Well, most scholars of this school of thought would point you to the Vietnam War. An unpopular war sparks a groundswell of protests that become so hard to ignore, the powers-that-be are forced to re-evaluate and face facts: it’s time to leave. I, however, would like to point to a more recent event, one which is being overlooked everywhere outside of the internet.
First, the message boards erupted with thousands of posts that were very anti-GameSpot oriented, which caused a moderation nightmare and sparked even more action. At last report, over 500 individuals have canceled their pay subscription to the site, with many more threatening to do so unless an explanation is given. But they’ve already moved past this, and some very upset GameSpot fans are starting to get organized. They’re not talking about a simple boycott of the site; they’re talking about boycotting the advertisers that use GS for promotion. [Source]
GameSpot, for the uninitiated, is a gaming website geared towards the hardcore gamer. It delivers news and (most importantly here) previews of upcoming games and related content. The initial flare up came about when GameSpot quietly binned reviewer Jeff Gerstmann for giving a game a low score. The game in question was “Kane and Lynch”, the newest offering from Eidos Interactive. All of these facts may seem like so much loose gravel until you understand the mud underneath: Eidos paid the owners of GameSpot lots of monies to plaster ads for Kane and Lynch all over the GameSpot domain site. “Aha!”, you say, “a sad coincidence”. Not really. After the bad review went public, Eidos pulled their advertising from the site completely, asking for their money back, and the rest is history.
When you get down to where the rubber meets the road, you’ll find that Jeff was doing what he was hired to do (one would assume): review a game. Better yet, if I may paraphrase my good friend King Rat, he “pointed out the nickle in the pile of shit and then neatly disposed of the whole thing.” Which is, ultimately, what you would want a reviewer to do. But Eidos didn’t like it’s ROI (alternate word for use here: payola) and decided to bail. Even THAT would be marginally fine, had GameSpot not turned around and shot the messenger.
So, that brings us up to speed nicely. The whole unfolding saga illustrates what companies in particular (and the ruling class in general) should quickly become aware of; it’s the information age. The public is very sick and tired of constantly bending over and taking it up the tailpipe. The nice, shiny PR phrase for it is ‘outrage fatigue’. It is, by nature, a double edged sword. You will either have people who blithely continue to take punishment, or you will have people (as you can see above) who will band together and take their displeasure to the next level. And that is exactly where this lopsided parasitic relationship that the large majority of us have been shoehorned into falls apart.

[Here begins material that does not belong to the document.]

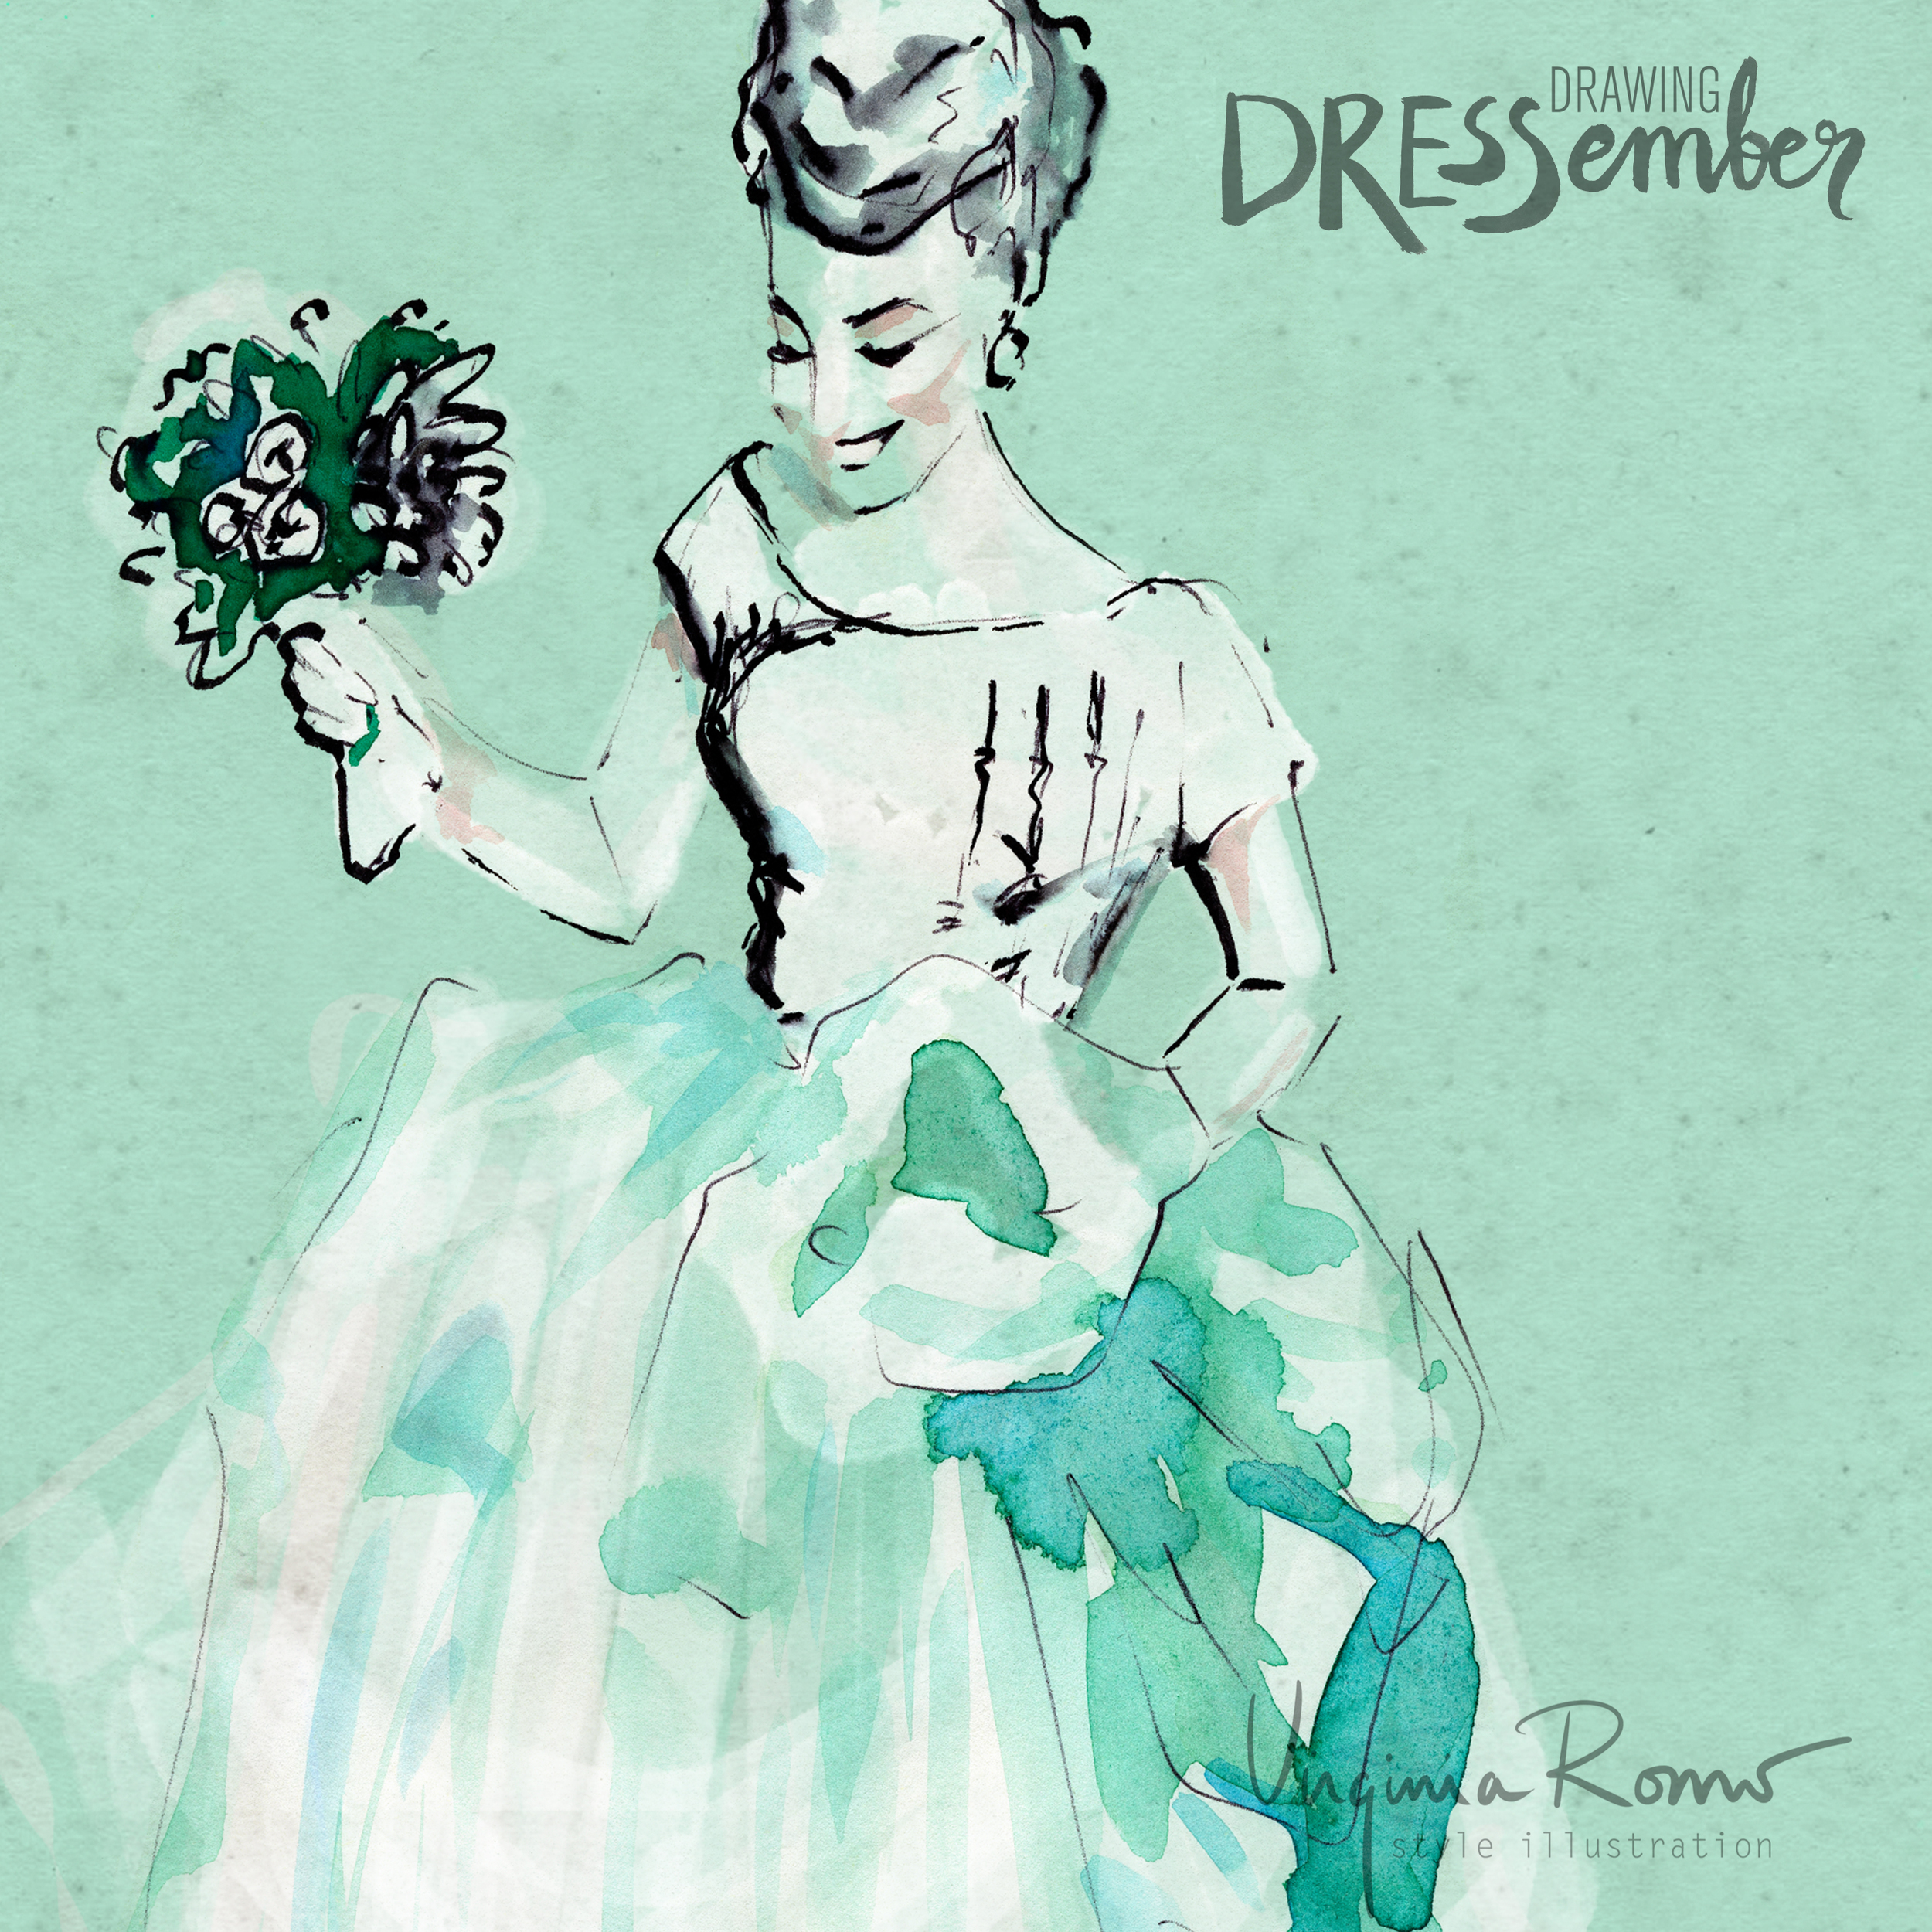 dressember-VirginiaRomoIllustration-16-Sonja-IG-BIG.jpg

What happened to GameSpot next is a direct result of ground level outrage by your garden variety consumers:
Very early this morning, the Pepsi/Mountain Dew ads came down. Coincidence? Maybe. But it seems rather unlikely that Pepsi bought a one day ad on Gamespot for Mountain Dew. It’s not like they’re on a tight budget. At one point yesterday, literally every ad space came up Dew. Now it’s Alienware (Dell). Lots and lots of Alienware.
I’m going to wait and make up my mind about this whole mess once someone from Gamespot, CNET, or Eidos decides they’ve lost enough street cred to open up and talk, however, this whole situation is really beginning to remind me of a soap opera, where one of the characters in the show is mute.
It’s like watching a beating.
I can’t help but ask myself, “With all of the punches that Gamespot is absorbing, why don’t they fight back?”[Source]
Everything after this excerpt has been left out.